Daten als Schutzwall
Das Schlagwort „SaaSpocalypse“ beschreibt die Befürchtung, KI-Agenten könnten klassische SaaS-Plattformen bei Unternehmenskunden überflüssig machen. McDermott dreht das Argument um: KI entfalte ihren Wert nur dann, wenn sie Zugang zu den internen Daten eines Unternehmens hat — und genau dieser Zugang laufe über Enterprise-Software. Ohne diesen Kontext seien KI-Modelle lediglich „teurer Rat“.
Als Beleg für seine eigene Überzeugung verwies McDermott auf einen persönlichen Aktienkauf über drei Millionen Dollar im Februar.
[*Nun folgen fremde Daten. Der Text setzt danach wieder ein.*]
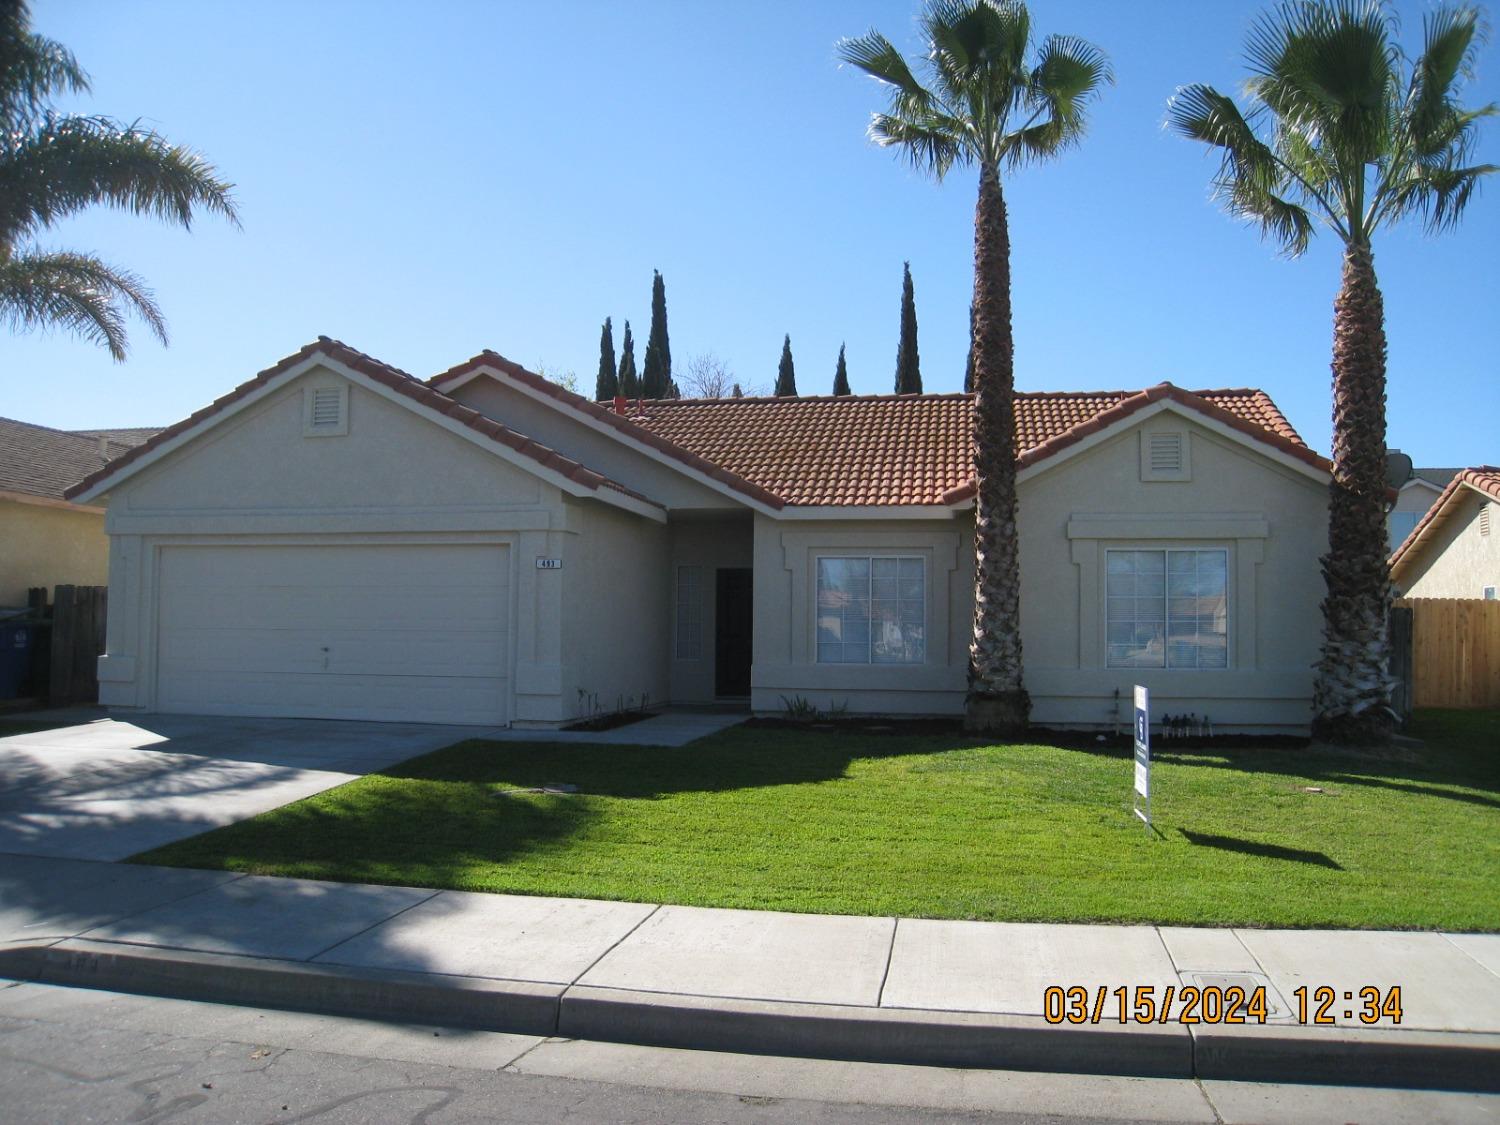 Photo of 493 Driftwood Ave in Los Banos, CA

Mehr als 90 Prozent der Belegschaft kaufe ebenfalls ServiceNow-Aktien.
Kursrally trotz massivem Jahresverlust
Am 7. Mai legte die Aktie 7,15 Prozent zu — getrieben von Analystenlob und positiven Ankündigungen rund um den Analyst Day: neue KI-Produkte, erweiterte Partnerschaften, ein bullisher Langfristausblick. Zum Vergleich: Der breitere Tech-Sektor gewann an diesem Tag weniger als ein Prozent.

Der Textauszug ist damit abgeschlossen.